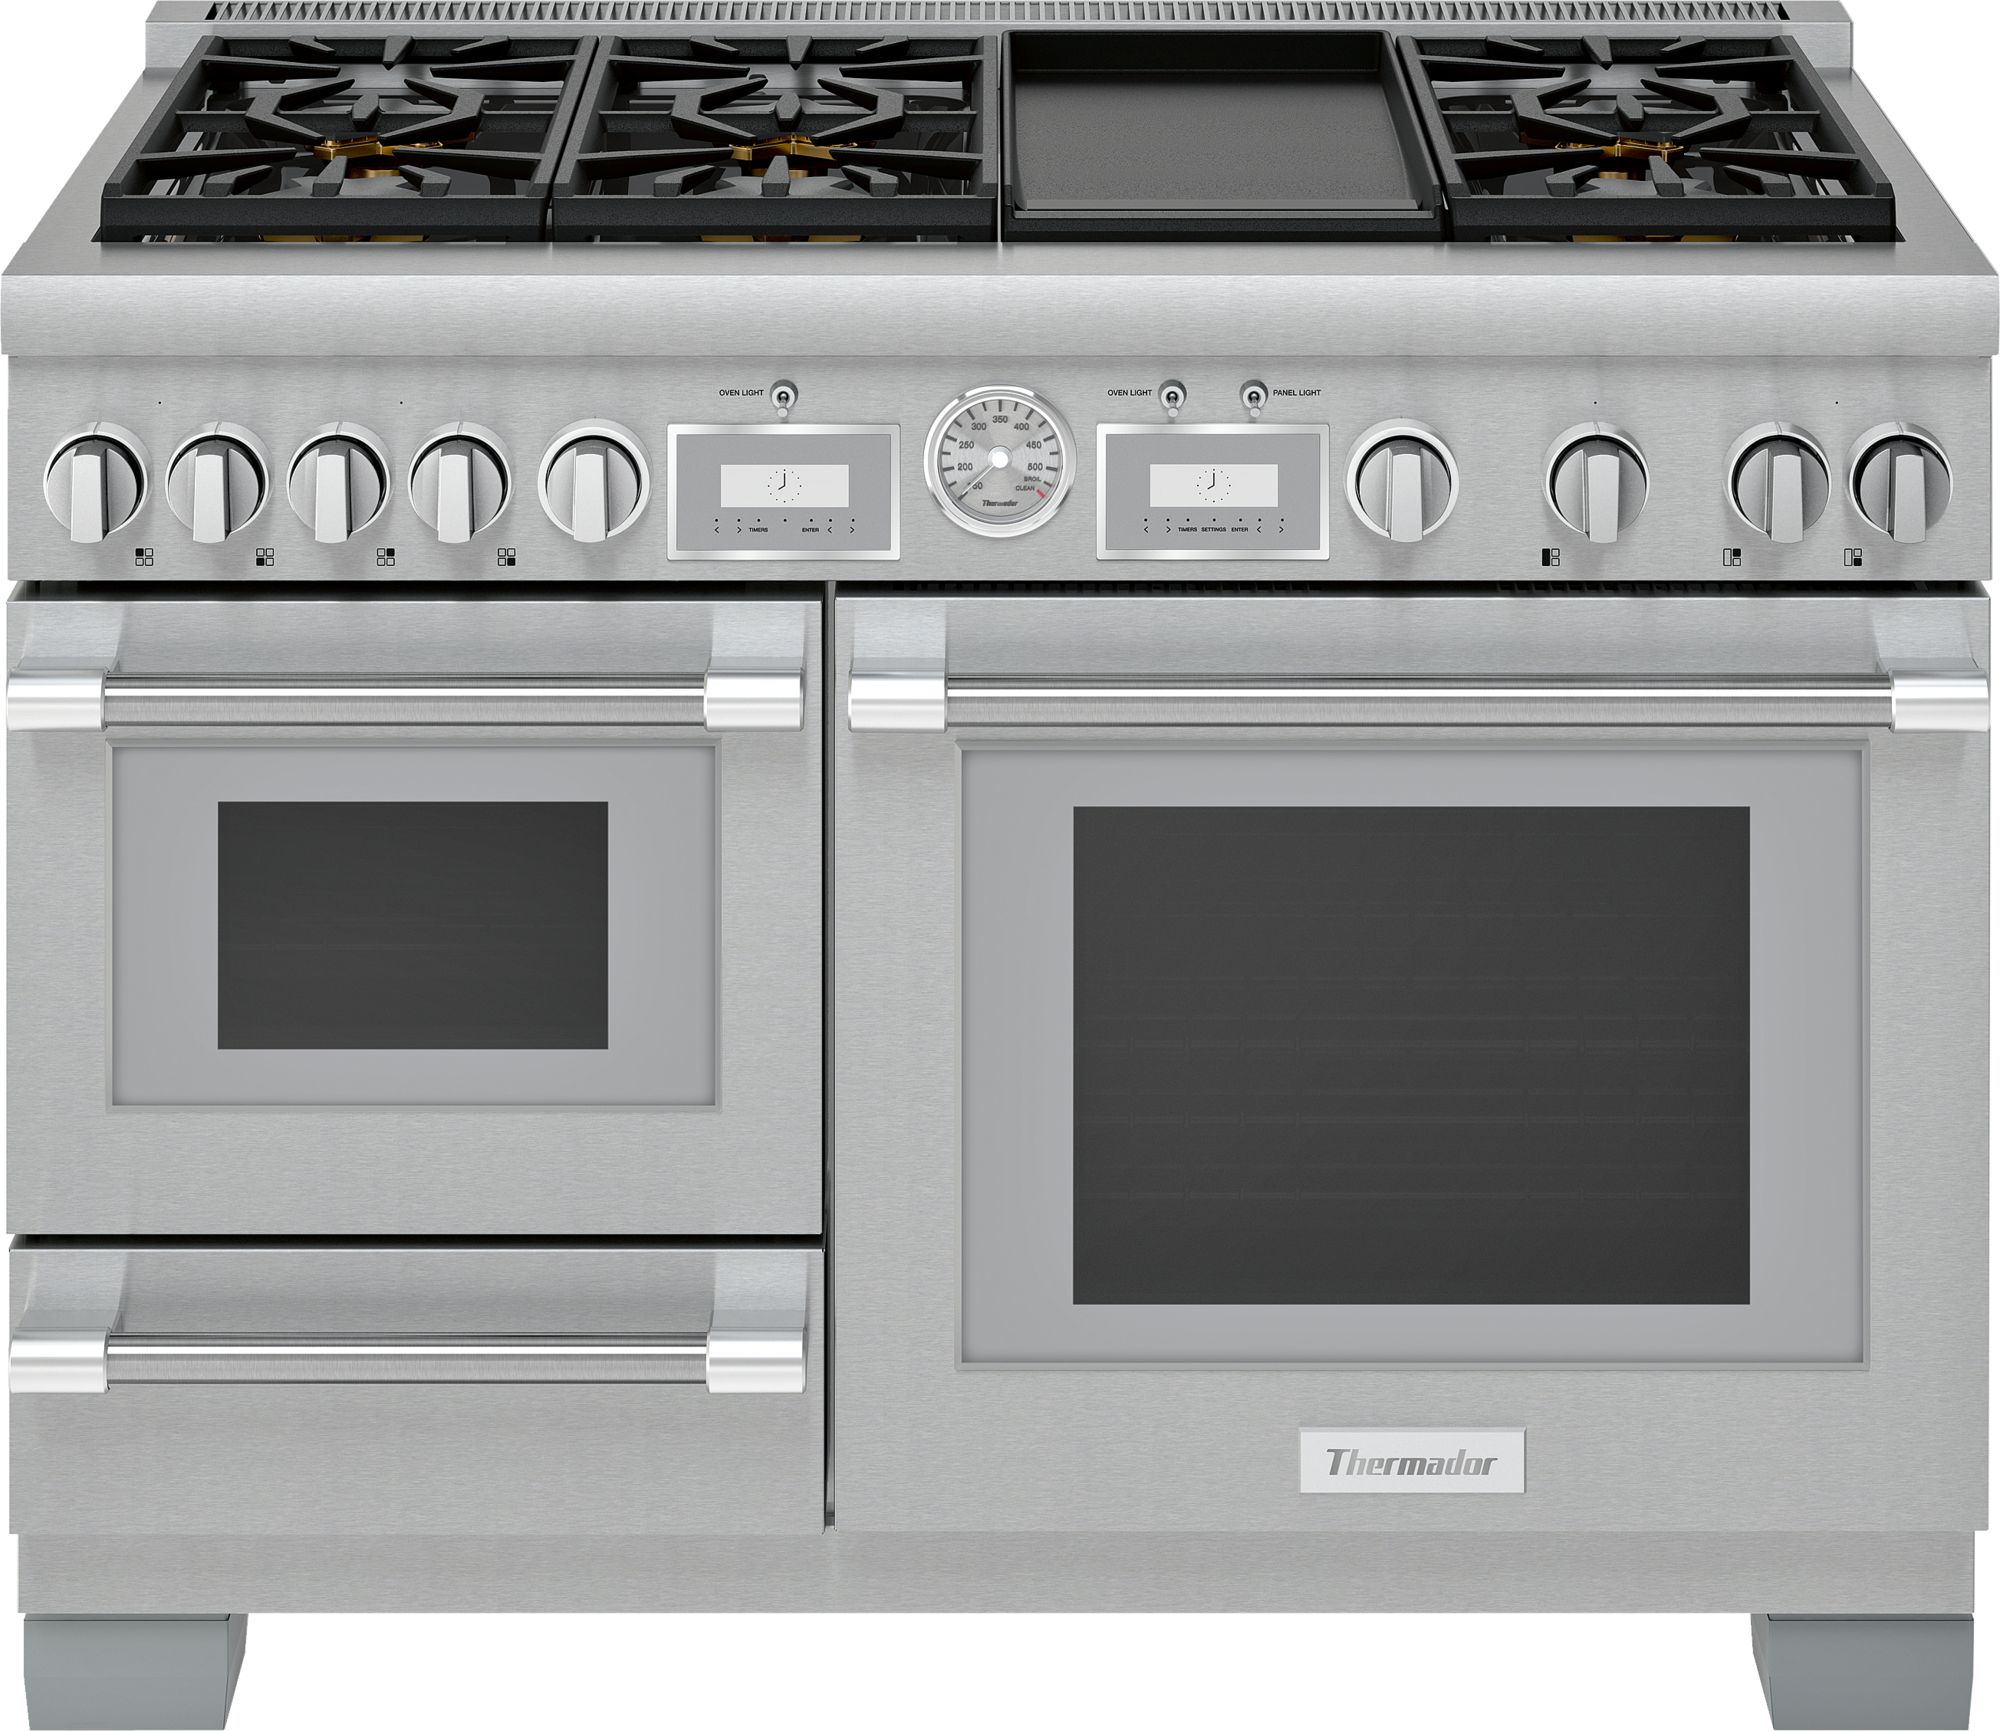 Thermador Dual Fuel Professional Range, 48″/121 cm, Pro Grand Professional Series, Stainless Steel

--

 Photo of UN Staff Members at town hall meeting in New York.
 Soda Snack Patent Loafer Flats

What the task asks: Restate word for word the entries above, starting at the line with "Photo of UN" and ending at the line with "Soda Snack Patent Loafer Flats", inclusive, and no others.

Answer box:
 Photo of UN Staff Members at town hall meeting in New York.
 Soda Snack Patent Loafer Flats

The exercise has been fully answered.